Don’t look now, but there’s a bunch of presidential primaries today. Voters in Connecticut, Delaware, New York, Pennsylvania, and Rhode Island are heading to the polls. Turnout...is expected to be light.
And that’s fine. The civic duty of voting is more useless inconvenience than anything else when the outcome of an election is predetermined. And all the ballot booth surprises in this election are on hold until November. But even then, there will be huge swaths of the electorate that will have every reason to feel disenfranchised. Because of our stupid, stupid system of using the Electoral College to choose our president, only a handful of states will be in play this fall. Individual voters in Alabama, Alaska, Arkansas, California, Connecticut, Delaware, the District of Columbia, Hawaii, Idaho, Illinois, Kansas, Kentucky, Louisiana, Maine, Maryland, Massachusetts, Minnesota, Mississippi, Nebraska, New Hampshire, New Jersey, New Mexico, New York, North Dakota, Oklahoma, Oregon, Rhode Island, South Carolina, South Dakota, Tennessee, Texas, Utah, Vermont, Washington, West Virginia, Wisconsin, and Wyoming can be reasonably to absolutely sure which way their state is going to go in November. That’s well over half the electorate not in play.

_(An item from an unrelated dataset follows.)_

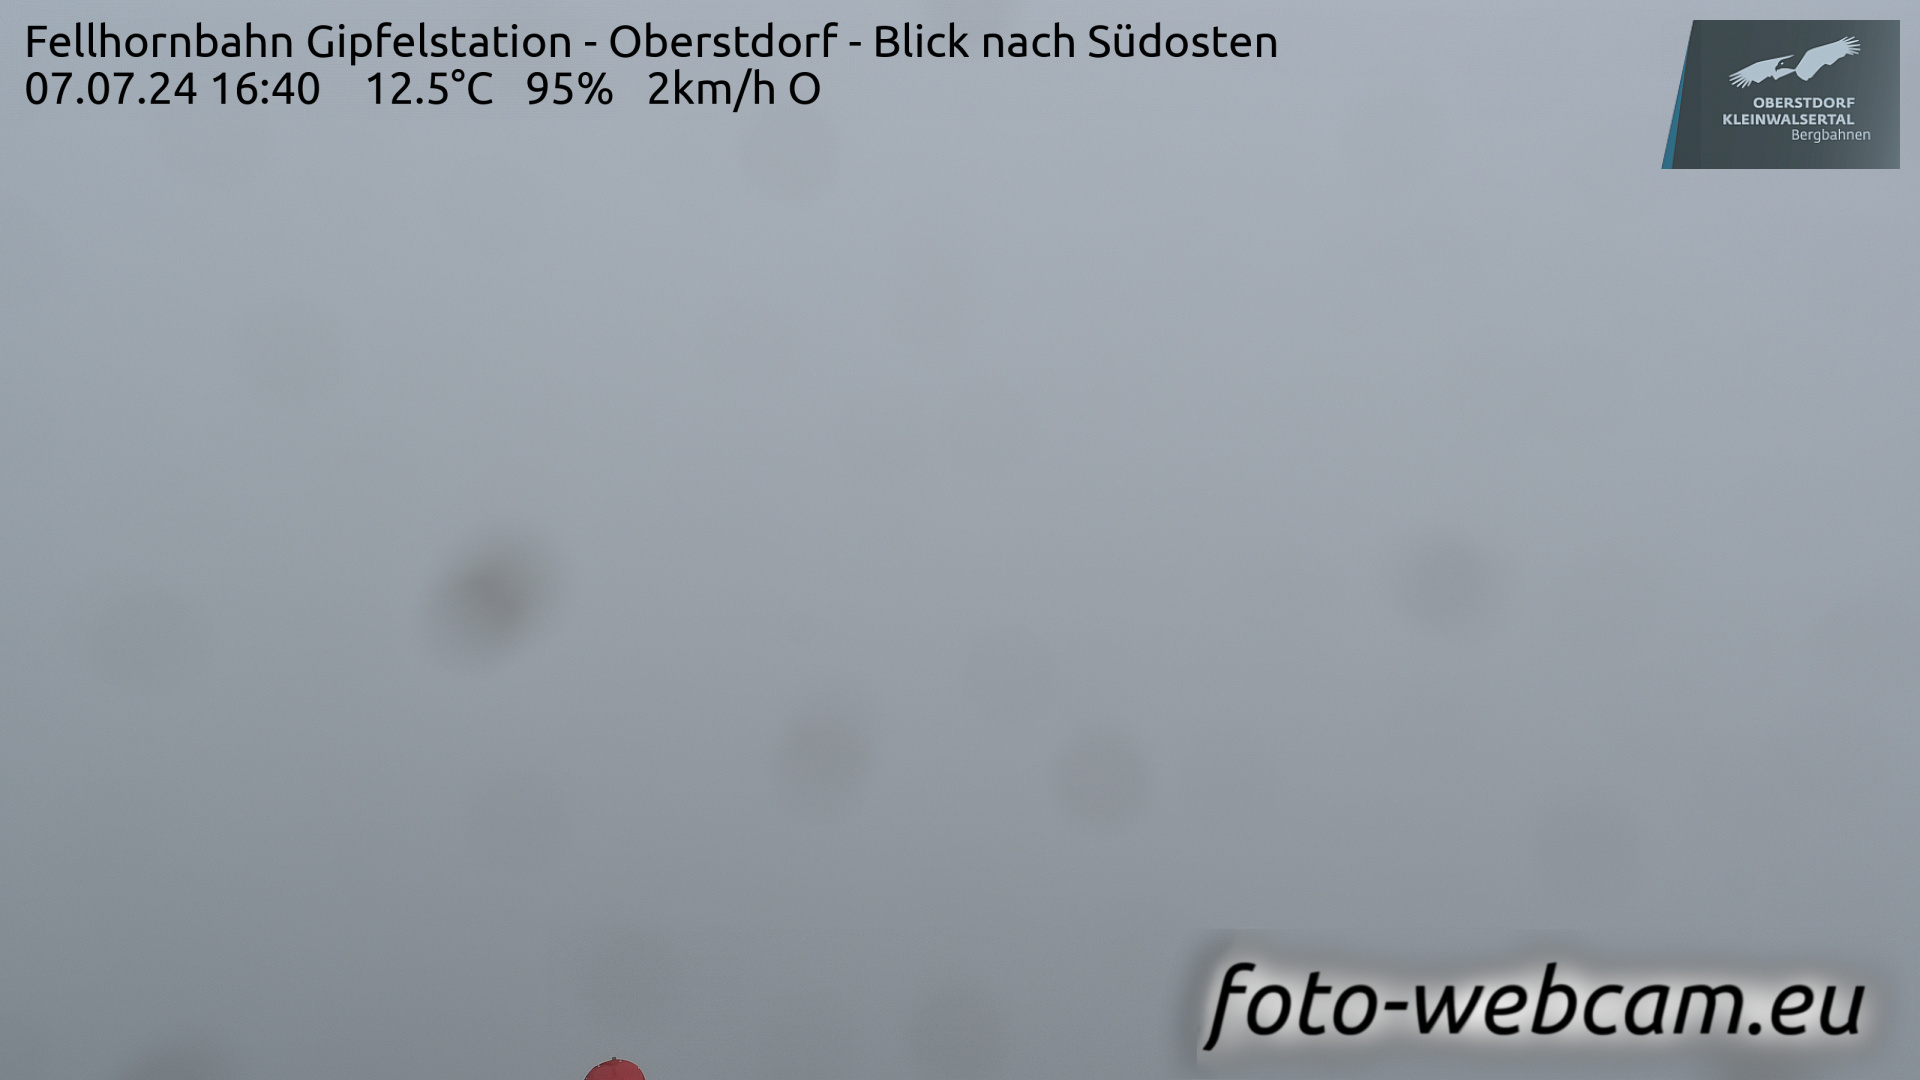 Oberstdorf Wed. 16:49

The result of this is that issues that matter to many of these voters will not be addressed by the candidates. The candidates will not be spending much time or money in these states (except for fundraisers; candidates from both parties love to come to New York for fundraisers, and not much else), rightfully focusing their strategies on the swing states. In addition, because electoral votes are parsed out to the states based on the amount of representation in Congress each state has, smaller states’ electors represent a smaller slice of the population than electors from states with large populations, skewing the power of their votes. This is not democracy.
I have lived in New York City for the past thirteen years. This will be my fourth presidential election in the state, and it will be the fourth in which I could stay home and not affect the outcome at all. I moved here from Ohio, the swingiest of swing states. Anyone who stays home on election day in that state is determined not to participate in our national politics. I want my vote to matter again like it did when I lived in Ohio.

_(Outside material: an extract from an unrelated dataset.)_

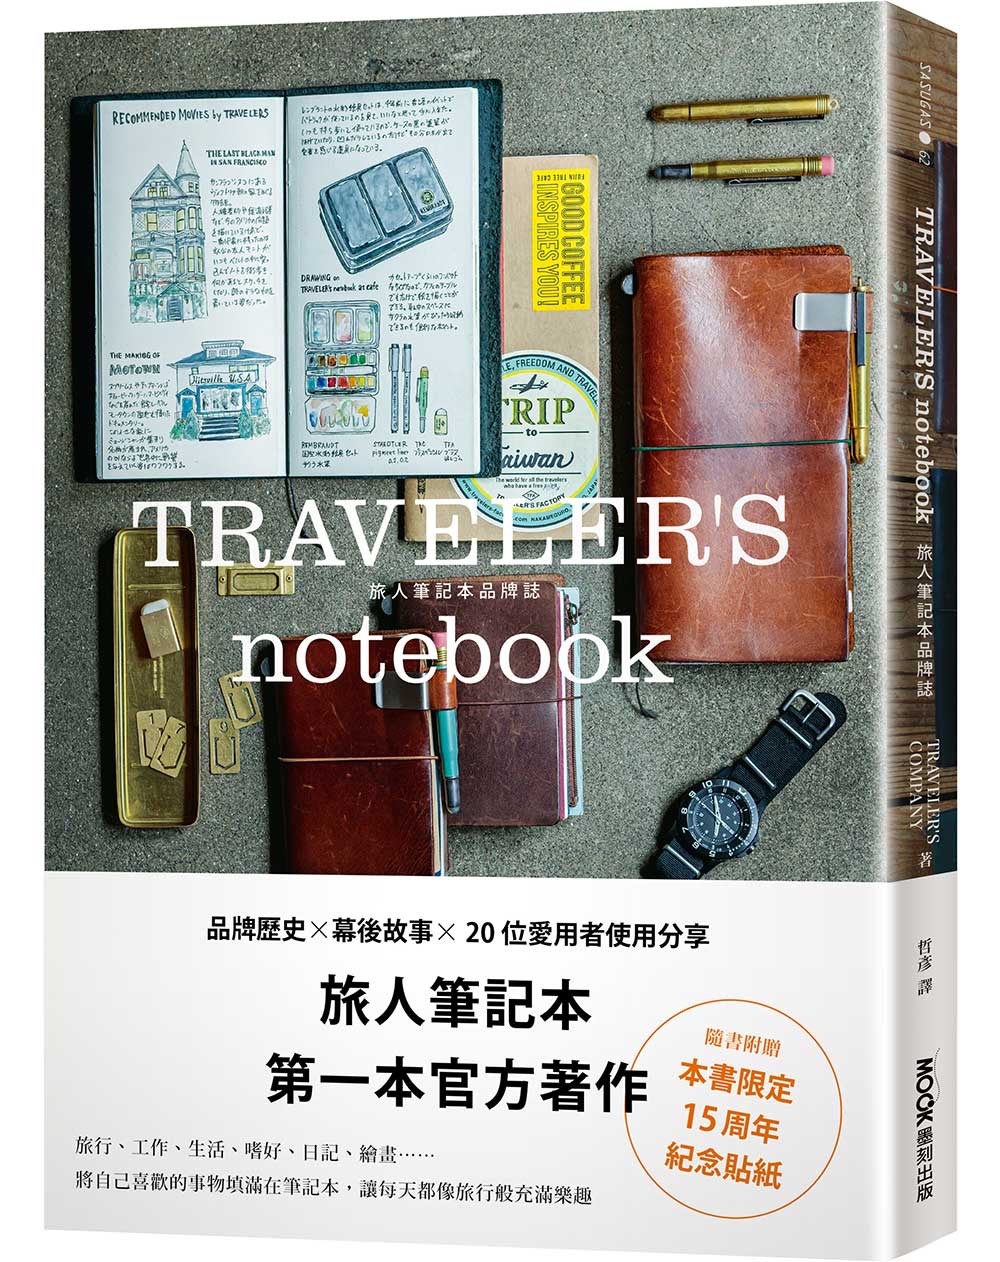 TRAVELER'S notebook旅人筆記本品牌誌

It’s an absolute farce that the President of the United States is not chosen based on popular vote. The farce becomes even more outrageous when one considers it is possible for a candidate to win only twenty-two percent of the popular vote, yet win the Electoral College. This is real.
Elections are not a complicated set of concepts. Whoever has the most votes wins. Only politicians could fuck up something so simple. Doing away with the Electoral College would force candidates to consider the wants and needs of the entire electorate, not just those in swing states. The winning candidate will probably still prevail by millions of votes, meaning an individual could stay home and not affect the outcome. But the crucial difference is that all of the voters in the entire country will be residing in a place where the outcome of the election is unknown. This increased uncertainty increases the incentive to vote. And never again will there be a winner of the presidential election that did not actually win the election. That is democracy.